_Exercise prompt_
The answer should hold only the lines from the one containing "Гигиенические трусы для" through the one containing "Baner, tło fioletowe" in the entries below, copied exactly, without pictures.

_Source information_
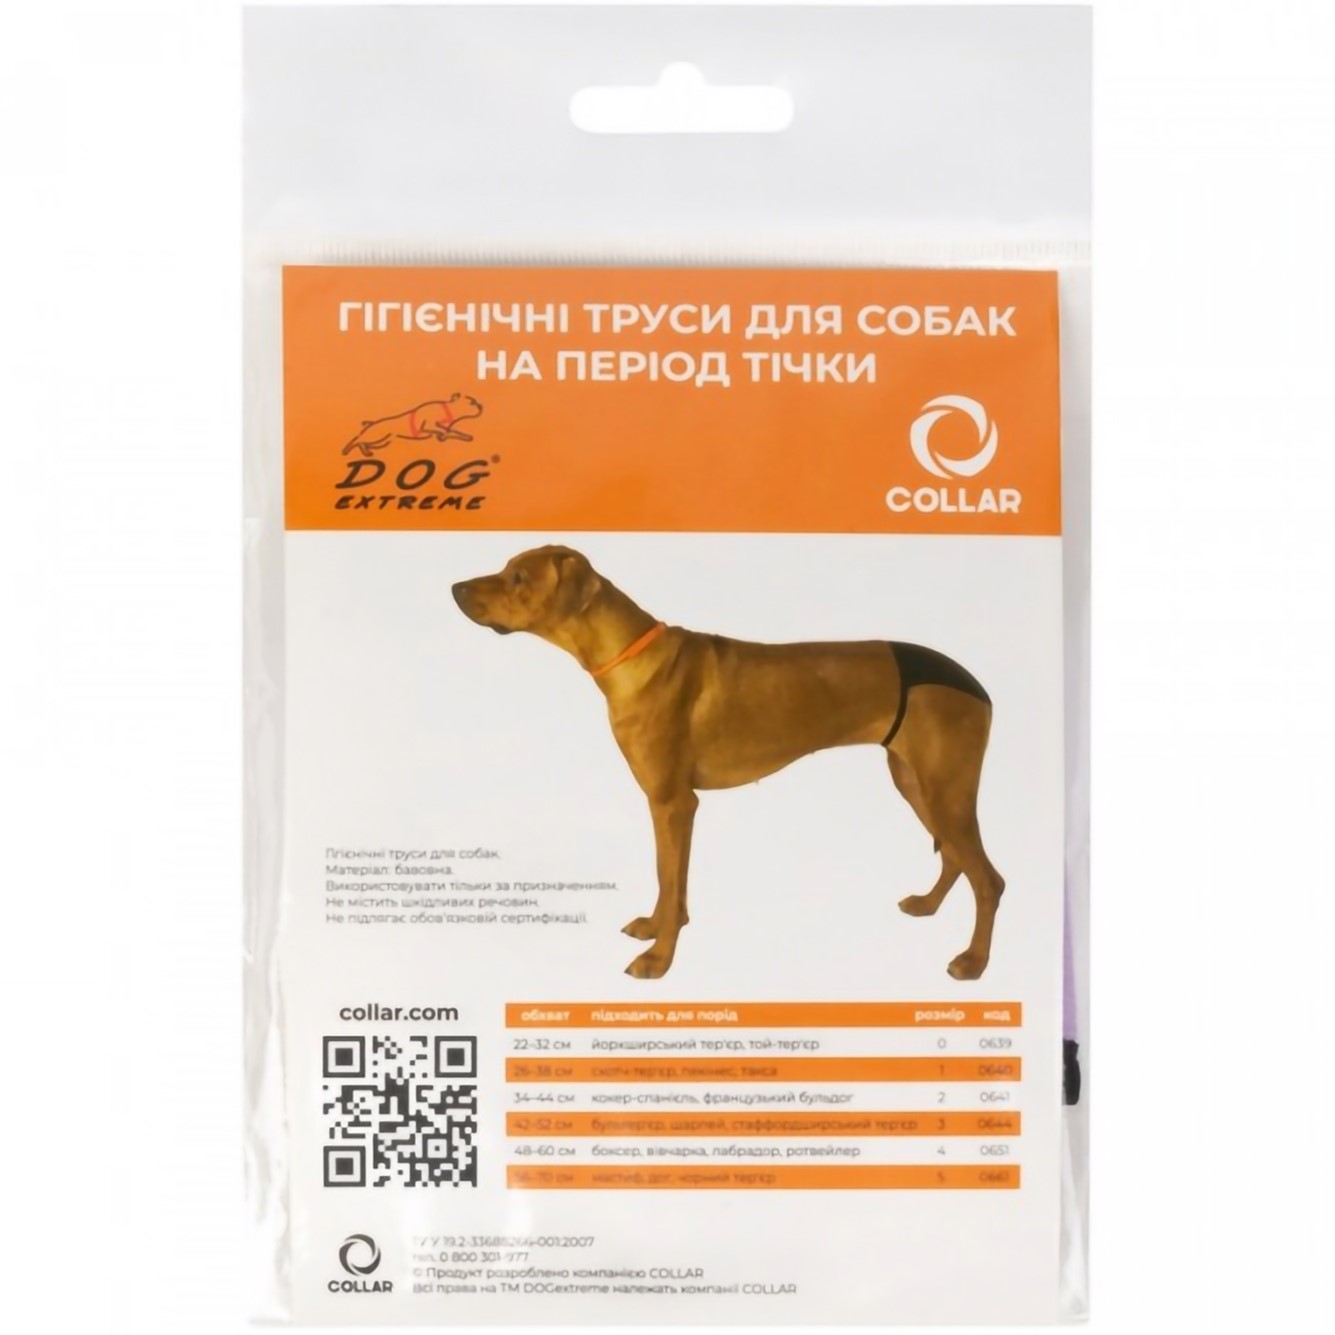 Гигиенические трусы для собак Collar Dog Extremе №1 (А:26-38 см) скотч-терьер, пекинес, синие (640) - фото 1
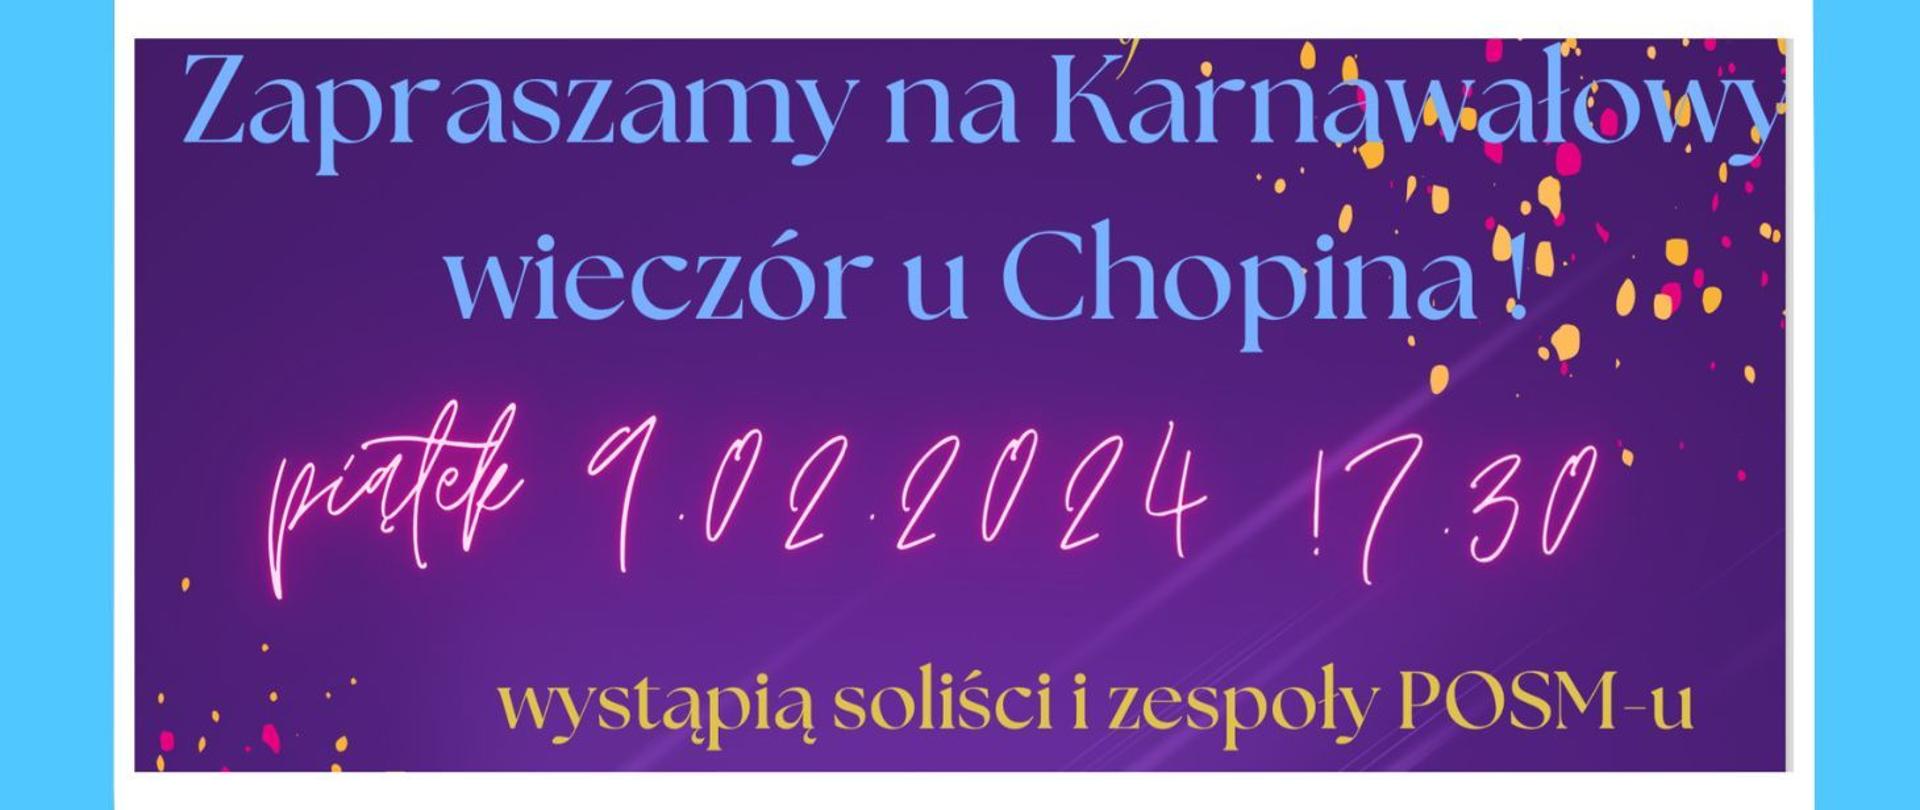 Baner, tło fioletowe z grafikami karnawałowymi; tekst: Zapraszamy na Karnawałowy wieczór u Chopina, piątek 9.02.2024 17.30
--
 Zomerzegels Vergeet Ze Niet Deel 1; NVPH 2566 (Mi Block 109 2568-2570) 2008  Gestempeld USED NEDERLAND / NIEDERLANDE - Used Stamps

_Written solution_
 Гигиенические трусы для собак Collar Dog Extremе №1 (А:26-38 см) скотч-терьер, пекинес, синие (640) - фото 1
 Baner, tło fioletowe z grafikami karnawałowymi; tekst: Zapraszamy na Karnawałowy wieczór u Chopina, piątek 9.02.2024 17.30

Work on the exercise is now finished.